リドル様の専属侍女を辞めてから特にだ………
昔は気づかなかったが、ベイカー公爵家に長く仕えるうちに、沢山の仲間が出来ていたようだ。心配する声を聞く度に、何だか胸が温かくなる………
私は花の水やりを終え、トムから沢山の花をもらうと急ぎ足で自室に向かい花瓶に花を生け、ある部屋へと向かう。
………まだ間に合うかしら………
『トントン』
返事はないわね………
私は静かに部屋に入る………
相変わらず殺風景なお部屋………
私は、窓ぎわに近づくとカーテンを開ける。陽の光が降り注ぐ室内は眩しいくらいだ。
花瓶がひとつ置かれている壁際のテーブルに近づくと素早く準備に取り掛かる。
予め用意しておいた、花が生けられた花瓶と昨日までの花瓶を取り替え、少し手直しを加える。
今日のお花は青を基調としたもので、間に白の小花を入れ込んでいる。
焦げ茶色を基調とした室内には、青がとても映えて綺麗だ。
私は今日の出来に満足し、そっと部屋を退室した。
………何だかかんだ言って、こうしてリドル様に関わっていたいだなんて本当に未練たらたらね………

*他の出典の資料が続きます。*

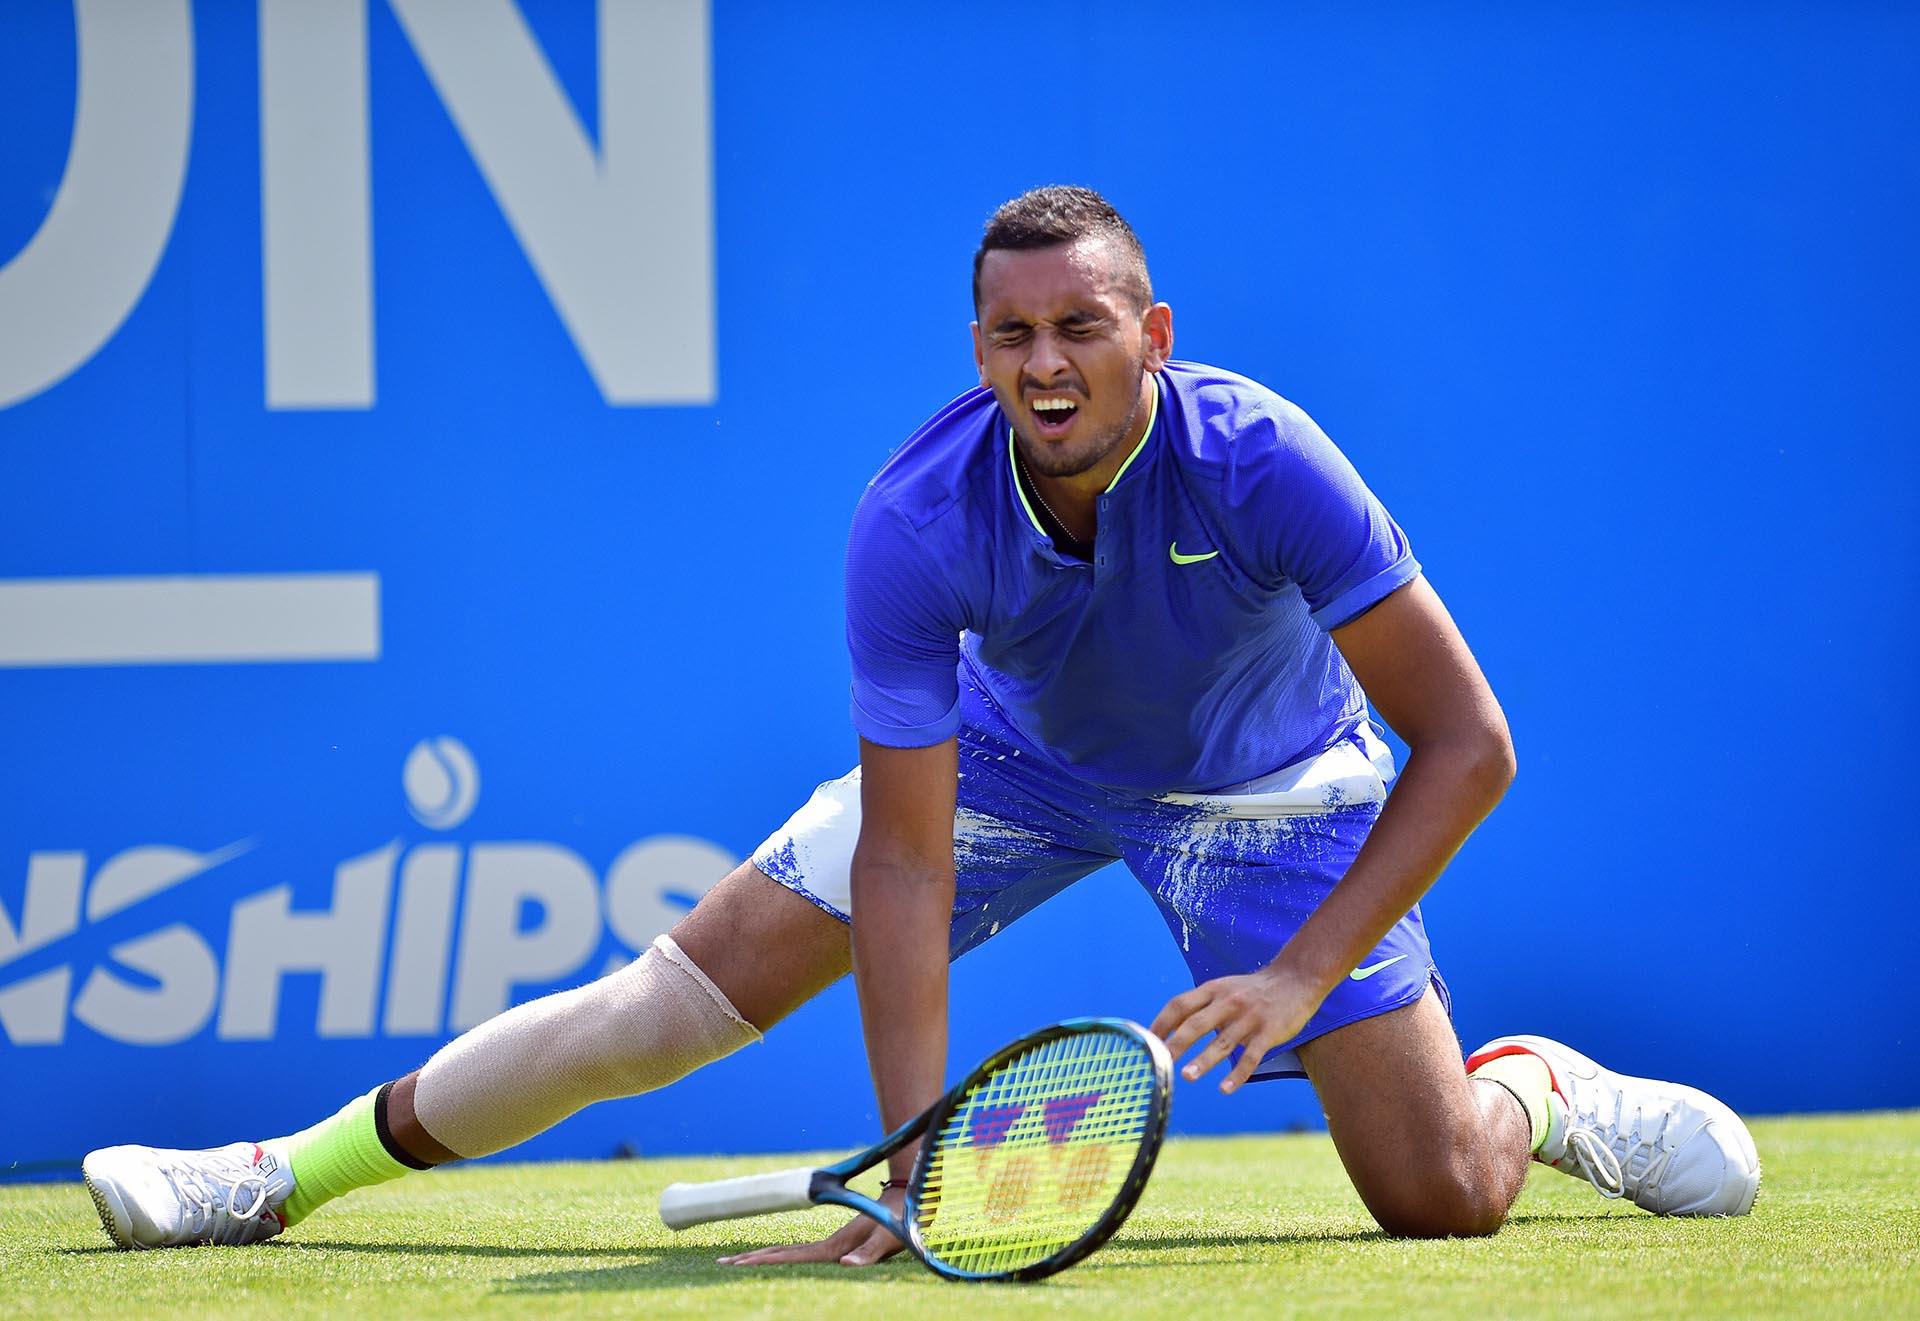 El tenista australiano Nick Kyrgios sufre una lesióndurante el Torneo Queen's, en Londres, Inglaterra

こんなことじゃ、エリザベス様のこと言えないじゃない。
エリザベス様とあのバカ王子が婚約破棄した時には、エリザベス様の未練たらたらぶりに呆れてたけど………
恋は、人を愚かにしてしまうのね………
私は朝の日課を終えると通常通り仕事を開始した。
新人侍女ふたりの相手をしていると、執事のアーサーが部屋へ入ってくる。
「ミリア、エリザベス様がいらしていてね…お前に会いたいそうだ。
庭の四阿でお待ちだから直ぐに行きなさい。」
「えっ!エリザベス様がいらしゃっていますの?………すぐ参ります。」
私は急ぎ足で庭に向かう………
「エリザベス様!お久しぶりでございます‼︎」
私は庭に出ると真っ直ぐ四阿へ向かい、優雅にお茶を楽しむエリザベス様を見つけた。
「ミリア!本当久しぶりだわ‼︎
シュバイン公爵家へ嫁いで以来かしら~」
「エリザベス様!元気そうで何よりです。シュバイン公爵家では上手くやっておられますか?色々と思い悩んでおられませんか?」
「ミリア大丈夫よ。義両親もとても優しい方達だし、ほとんど領地にいらっしゃるから滅多に王都に出て来られないの。
王都のタウンハウスは、実質ハインツ様とわたくし以外は住んで居ないし気楽なものよ。使用人の方達も慣れないわたくしに色々と世話を焼いてくれて楽しく過ごせているわ。」
「………それは、ようございました。
若奥様として、シュバイン公爵家に受け入れられているようで安心しました。」
エリザベス様には、私は必要なさそうね………
雛鳥が完全に巣立ってしまったみたいで、何だか寂しいが、ひとりの奥様として頑張っているエリザベス様を誇らしくも思う。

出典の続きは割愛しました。